Thursday, August 25, 2005


making money, being happy

fortunately or unfortunately, having money is a necessity in our world. we all need food, shelter and clothing and thus we all need money to buy them. in the US though, money has become much more than simply a means to fulfill our basic needs. our capitalist economy uses money to lure us into competition with our friends and neighbors, to persuade us into working jobs we don't like and to buy things we have no idea why we feel we need.

as a twentysomething, money is a tricky issue. in my ongoing efforts to not give up on my dreams, to be who i am and to build a vibrant community for myself money can feel like a daunting opponent. as such, i find it immensely helpful to be reminded that while we all need money, our instincts are right in telling us that it will not be what brings us happiness.

in fact, as jeremy over at lifestylism has been blogging about lately, research shows that contrary to the messages all around us - money does not equal happiness. instead the article he cites by dayana yochim of the motley fool describes what really does matter:

According to the University of Chicago's National Opinion Research Center:

-People with five or more close friends (excluding family members) are 50% more likely to describe themselves as "very happy" than respondents with fewer.

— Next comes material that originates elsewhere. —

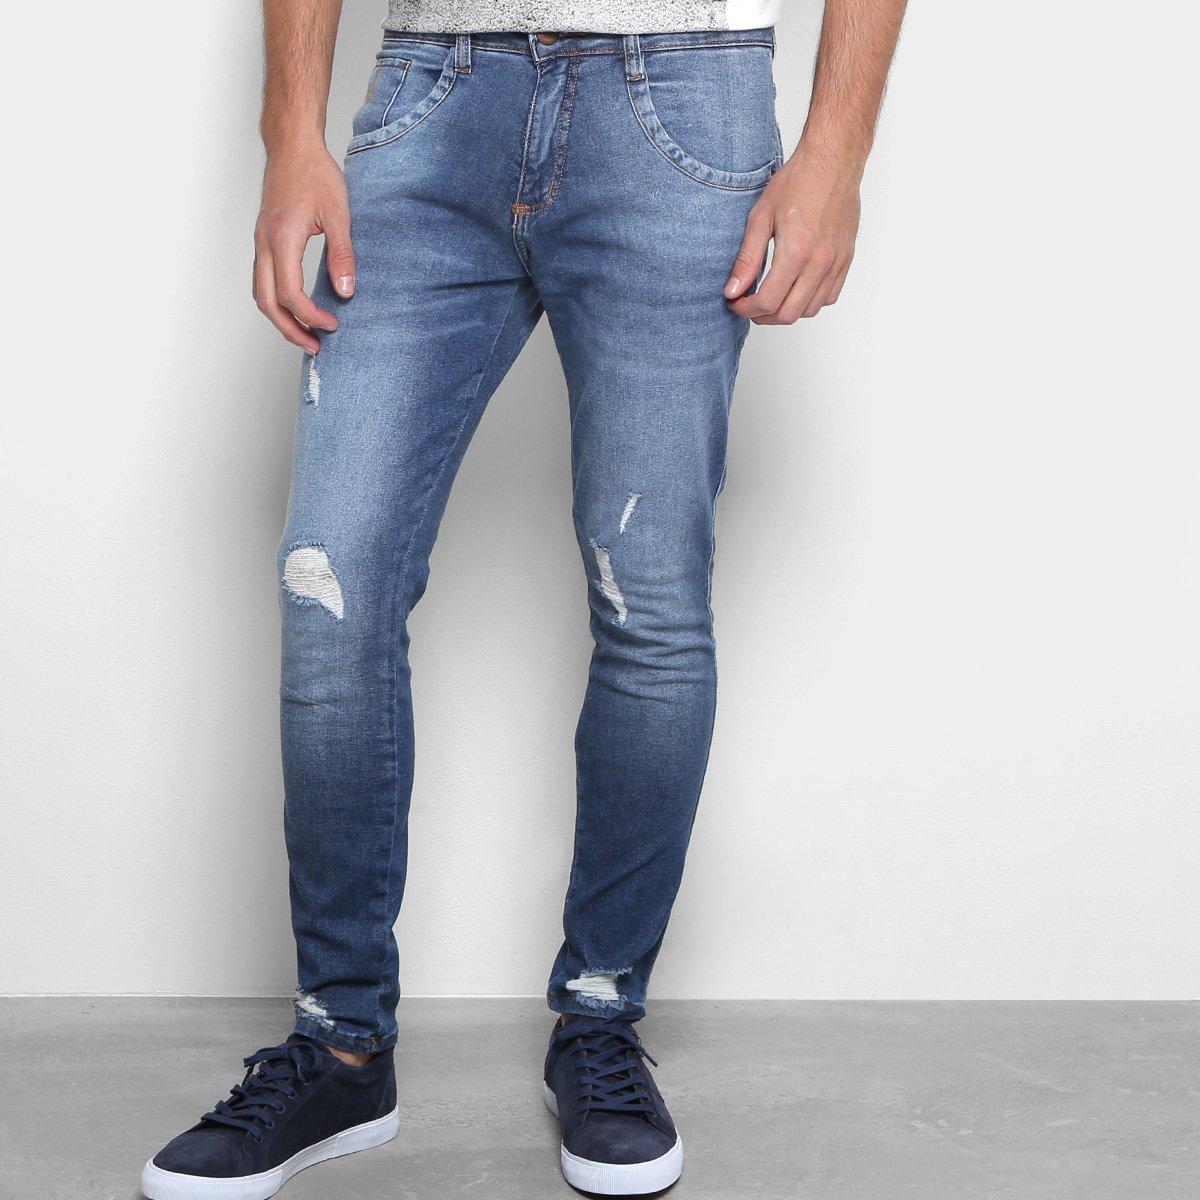 b0359a571f Calça Jeans Skinny Biotipo Rasgos Masculina

-A loving marriage: 40% of married American adults report themselves as "very happy," vs. 26% of those who are not married.

-Good health.

-A connection with a congregation such as your community or a religious group.

On the other hand, a survey of 800 college alumni showed that classmates who valued high income, job success, and prestige more than close friends and love were twice as likely to be "fairly" or "very" unhappy.

Happy people, it seems, concentrate on their own successes and don't compare themselves -- their income, their family time -- with others. They do not judge others or dwell on negative feelings. If they do dwell on the better performance of a colleague or friend, it is to learn ways for self-improvement.

"By far the greatest predictor of happiness in the literature is intimate relationships," Sonja Lyubomirsky, a researcher at the University of California-Riverside, told
a Chicago Tribune reporter. "It's definitely not money."

this pretty much sums it up. being happy is about being closely connected to people. another reminder that putting relationships first always makes sense.

of course we all have to make a living. but approaching that undertaking from the perspective that relationships come first, and success isn't financial in nature can help us to create what we really want - jobs that we like and work we feel good about.

what would it mean for you to put relationships first?

how would you conceive of your success differently if it were based on your close connections to people rather than your annual income?

as always i'd love to hear your thoughts and musings, post them here!

dream big,

Wednesday, August 24, 2005


imaginary board of directors

i was reading jodee bock's blog - you already know this stuff and was turned on to what i think is a great idea - creating your own imaginary board of directors. jodee borrowed the idea from the idea sandbox blog and they borrowed it from michael michalko's thinkertoys. gotta love how good information gets around!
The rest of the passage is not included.